◆ **DATA PROVIDED**
======

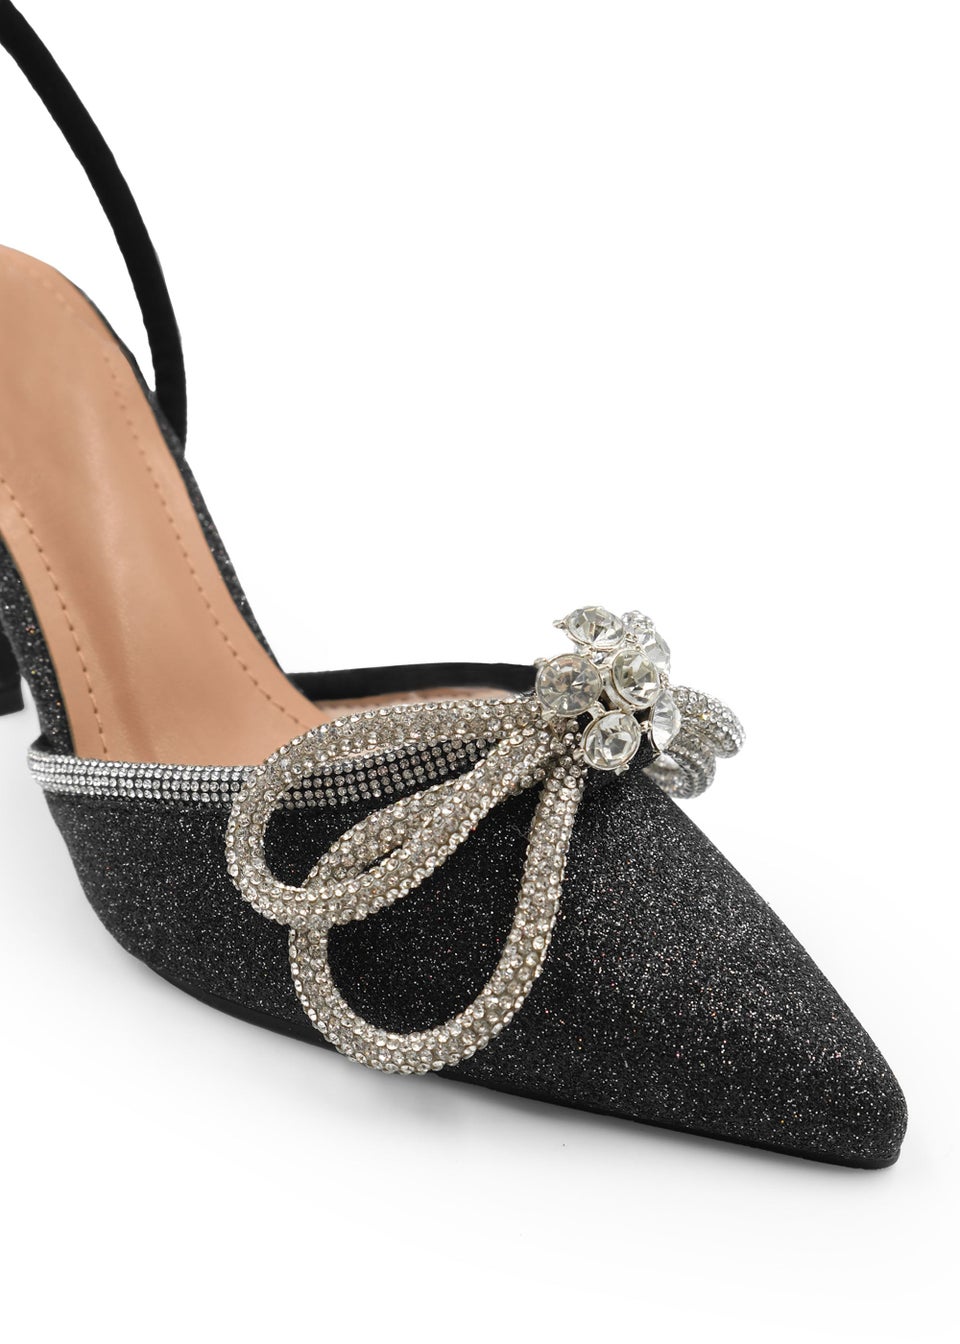 Where's That From Black Glitter Delina Pointed Toe High Heels
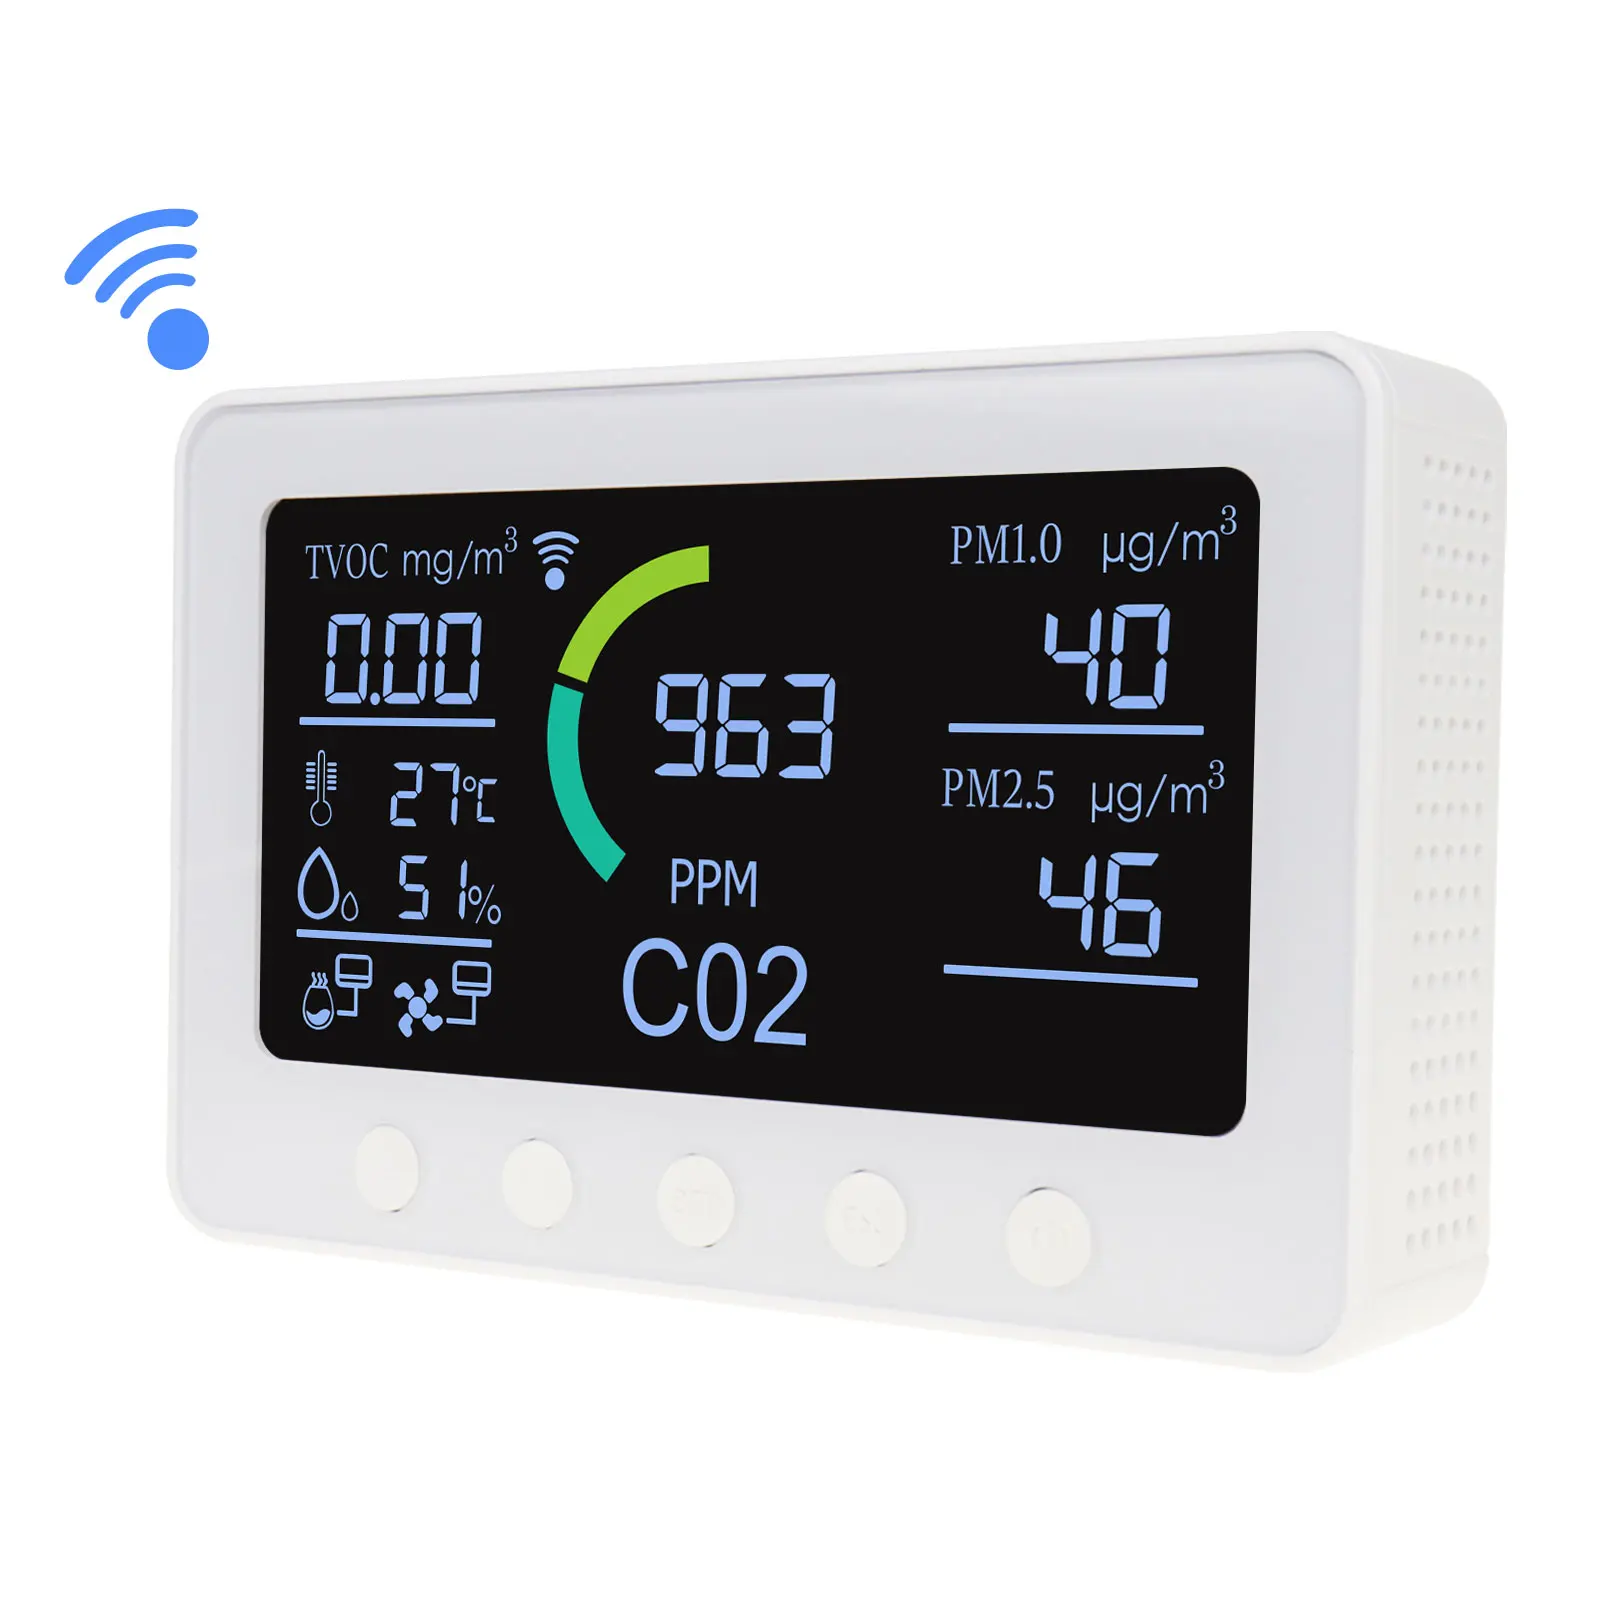 

Smart Air Detector Analyzer Air Quality Monitor CO2 Meter, TVOC, Humidity, Temperature, PM2.5, PM1.0 W/ Relay Output APP Control
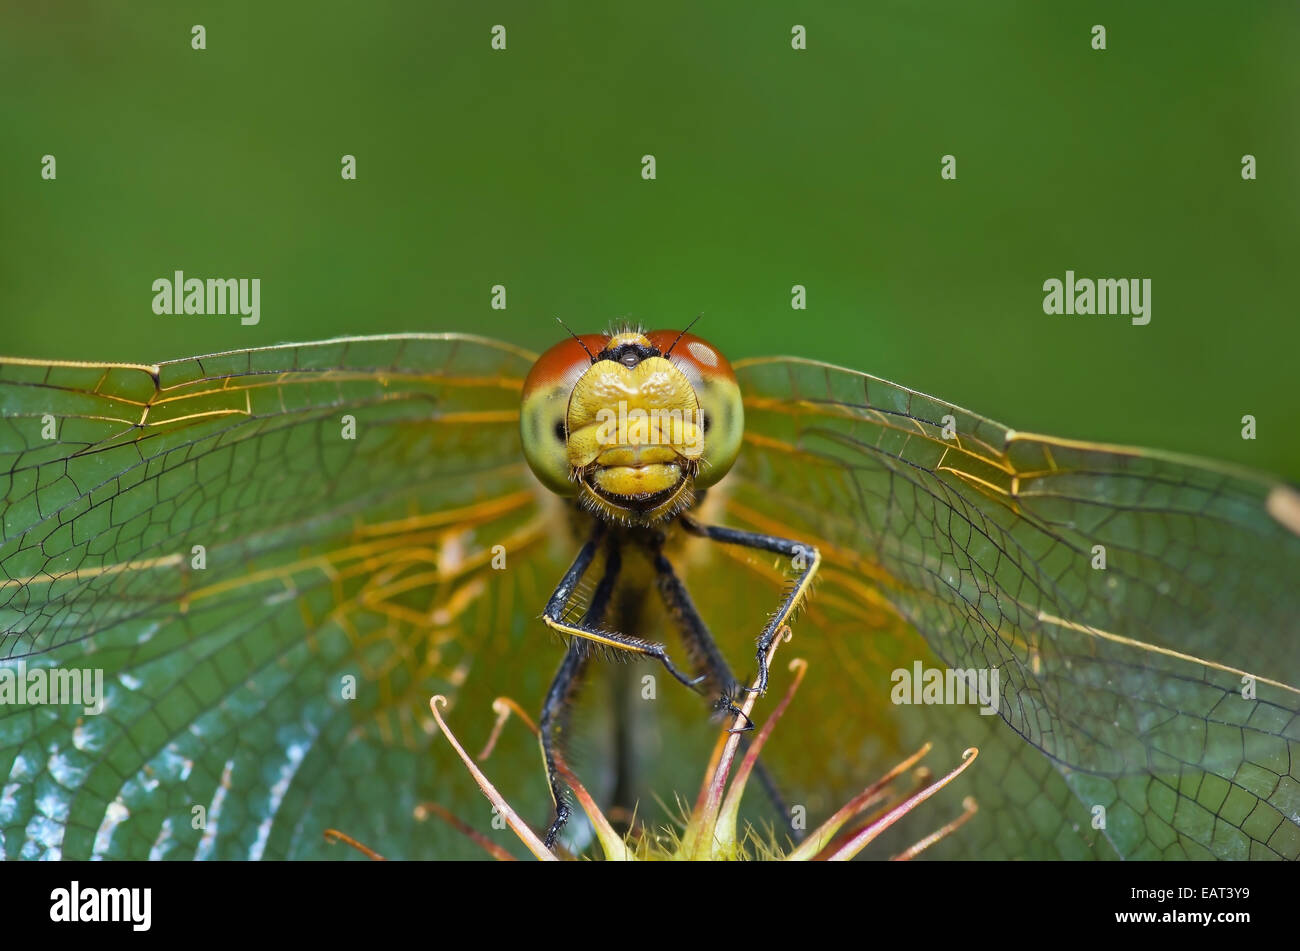 Funny dragonfly sitting on herb on green background Stock Photo

======

Each line above should be written out again exactly, and no picture should appear in the copy.

◆ **RESULT**
 Where's That From Black Glitter Delina Pointed Toe High Heels

Smart Air Detector Analyzer Air Quality Monitor CO2 Meter, TVOC, Humidity, Temperature, PM2.5, PM1.0 W/ Relay Output APP Control
 Funny dragonfly sitting on herb on green background Stock Photo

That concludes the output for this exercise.